Northern Wilds Magazine

Planked Trout

By Kevin Bovee

Today when you mention planked trout or salmon, many people think of the thin, cedar planks that you can buy at many sporting goods outlets to cook fish over the grill on. But what we are talking about for this story involves something quite different, can feed larger crowds and is just as delicious.

A Duluth based fishing group, the Lake Superior Steelhead Association, has been having an annual Planking Party for its current members for over 30 years, with about 50 to 60 guests attending each year. The Master Planker for the organization, John Whaley, has agreed to share some of his expertise in planking fish gained through 20+ years of cooking over open fires.

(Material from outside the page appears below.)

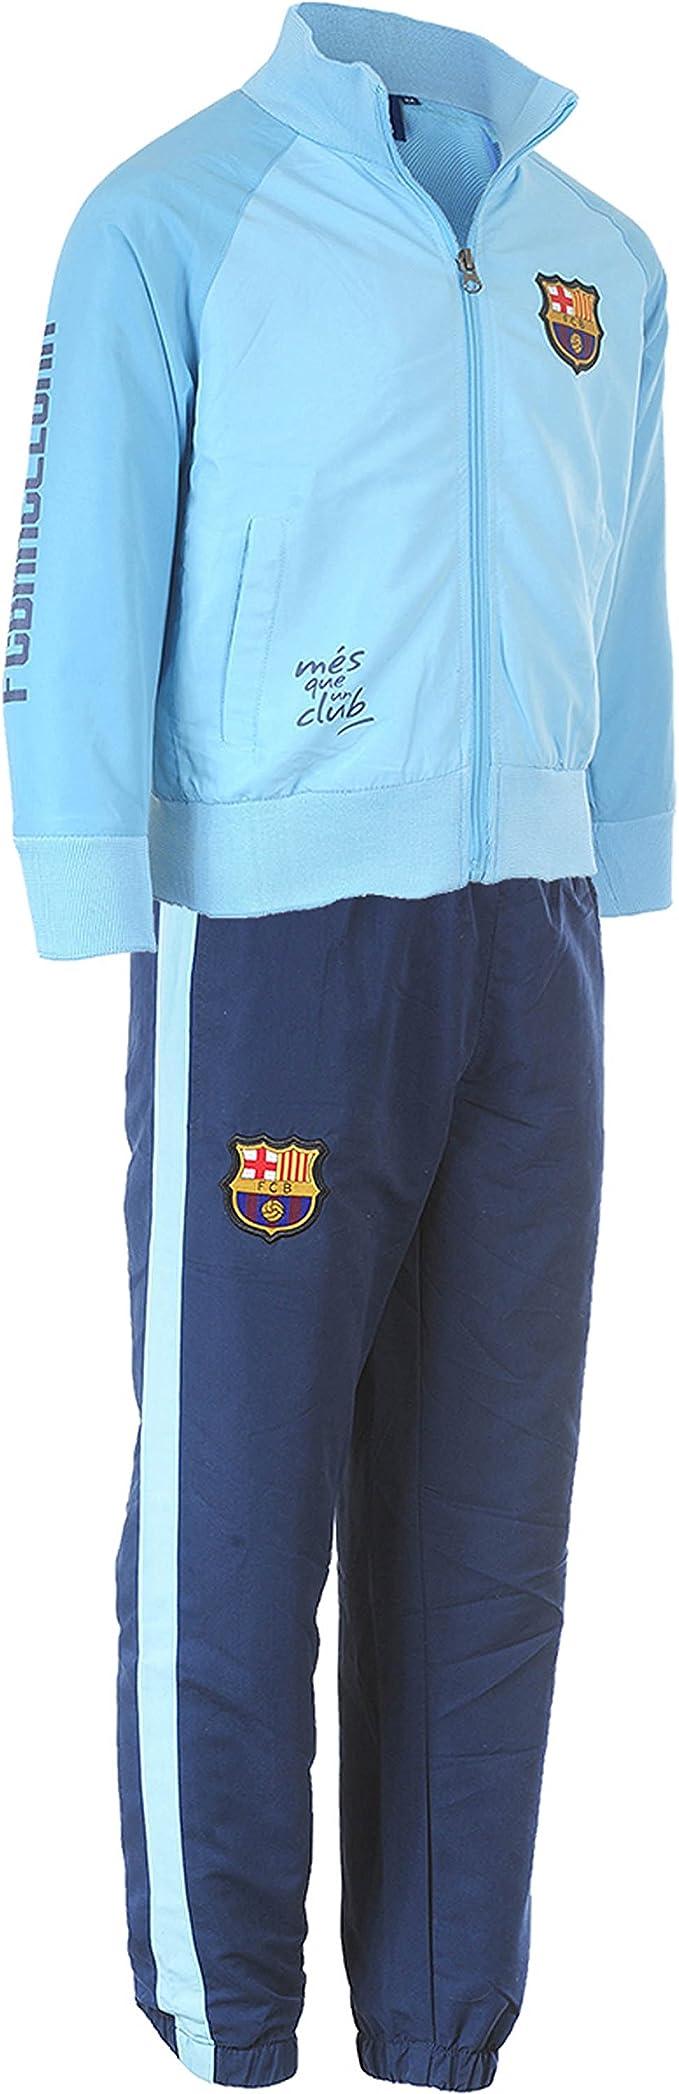 Fc Barcelone Chándal Barca – Collection Oficial para Hombre, Talla ...

One reason that the fish is so tasty when planked is that it is slow cooked using an open fire and spiced just right and finally basted with butter. The boards are about 34 inches by 48 inches in size. The LSSA uses boards made of black ash, a local, dense grained hardwood. Six or eight individual boards are fastened together by bracing on the back. With modern equipment, biscuit joinery could also be used, but I would still recommend back bracing. The outside edges of the long dimension have dowels drilled in and secured every two inches. These dowels allow the fish filets to be secured to the boards by lashing them with butcher’s string in a crisscross pattern, with at least five passes of string per fish filet. Whaley recommends that the boards be completely dry when setting the filets. The fish skin to dry board will help alleviate slippage of any filets along with the string.

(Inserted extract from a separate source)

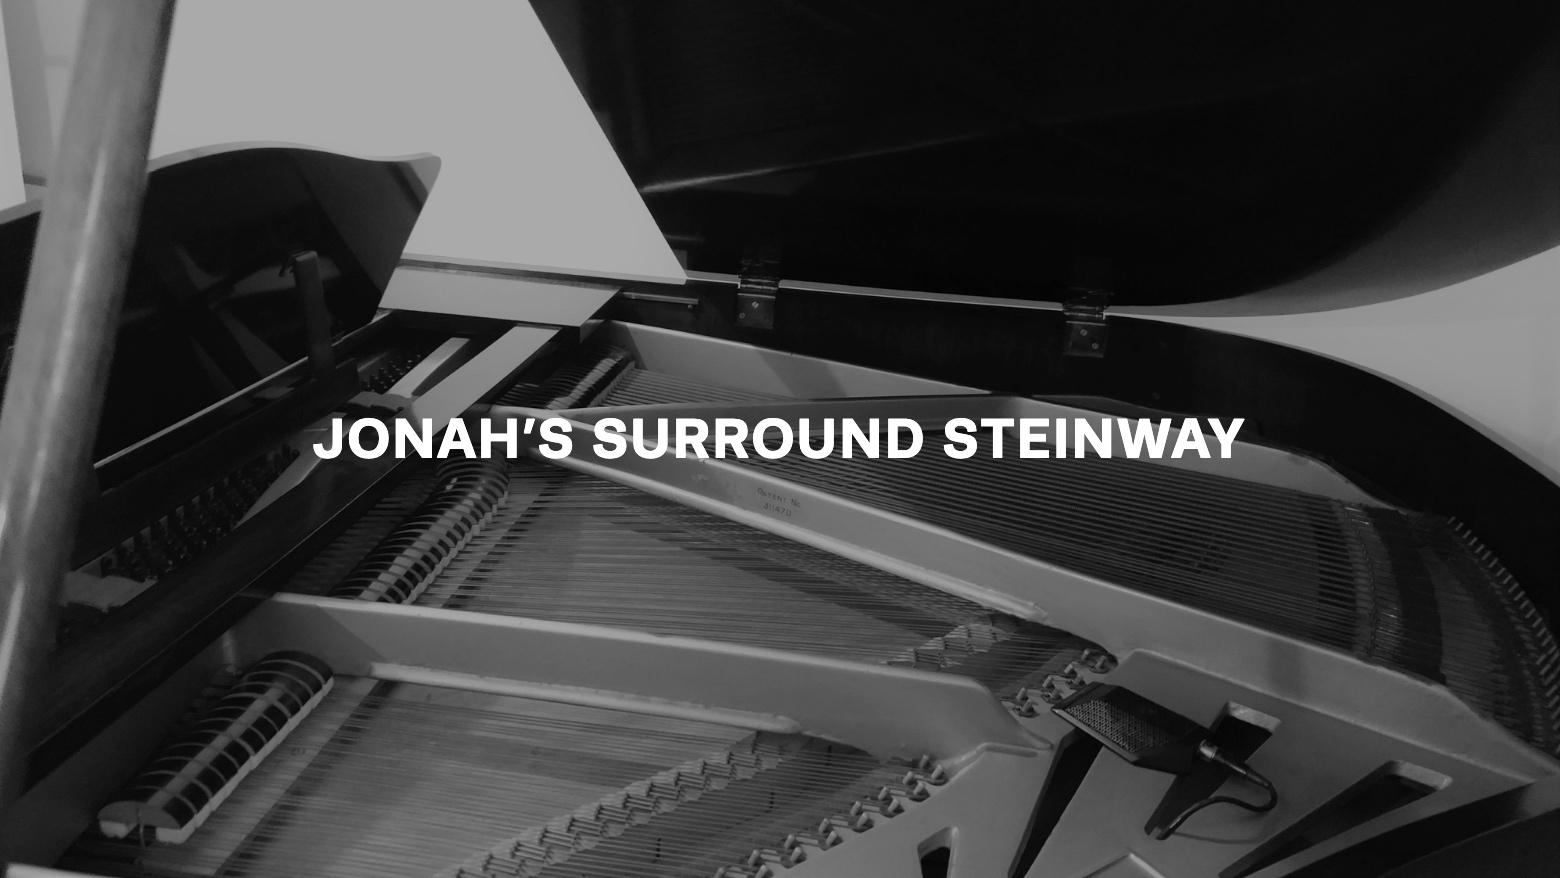 Jonah's Surround Steinway Text.jpg

The best filet for this method is to take the sides and ribcages off the fish but leave the skin on. It’s best to try and arrange similar size filets to a board which allows for more even cooking. Do not overcrowd the filets, maybe eight to ten filets per board, depending on the size of fish. The LSSA guys apply lemon pepper and dill weed liberally right before lashing the fish to the boards, with at least five passes of string to each filet. Then off to the fire.

A very pivotal part involves the fire itself. Whaley always starts with an eight foot log and builds the fire on either side of the log, depending on how many boards are to be used. The reason for the log is that this reflects the heat outward to the boards of fish propped up on end. According to Whaley, sugar maple is by far the best wood but any hardwood would be preferred over pine or popple because of their ability to hold coals longer. The initial lighting should subside and the goal is to get a good bed coals going and then augment those with the occasional stoking of wood. If a hotspot develops, just move the boards back a little until the heat is less intense.

The boards are propped end up on two by six boards lying parallel to the fire. The actual cooking is the easiest step of the process. The key here is to not get the boards too close to the fire and don’t flip the boards too soon. According to the Master Planker, there is an old adage that applies to the cooking “If flies are lighting on the meat, you’re too far away and if the board is scorching, you’re too close.” The slower the better, Whaley says. Depending on the weather, it usually takes about two to two-and-a-half hours to cook lake trout to perfection; cool and windy weather may require more time. If you are trying salmon and lake trout, start the salmon about an hour after the lake trout because they have a tendency to dry out far too fast. About half an hour prior to being done, liberally baste all the filets with butter and put the planks back near the fire. The butter, spices, and fire will create a wonderful, tasty crust on the fish. When done, cut the strings and serve the fish just off the boards while hot.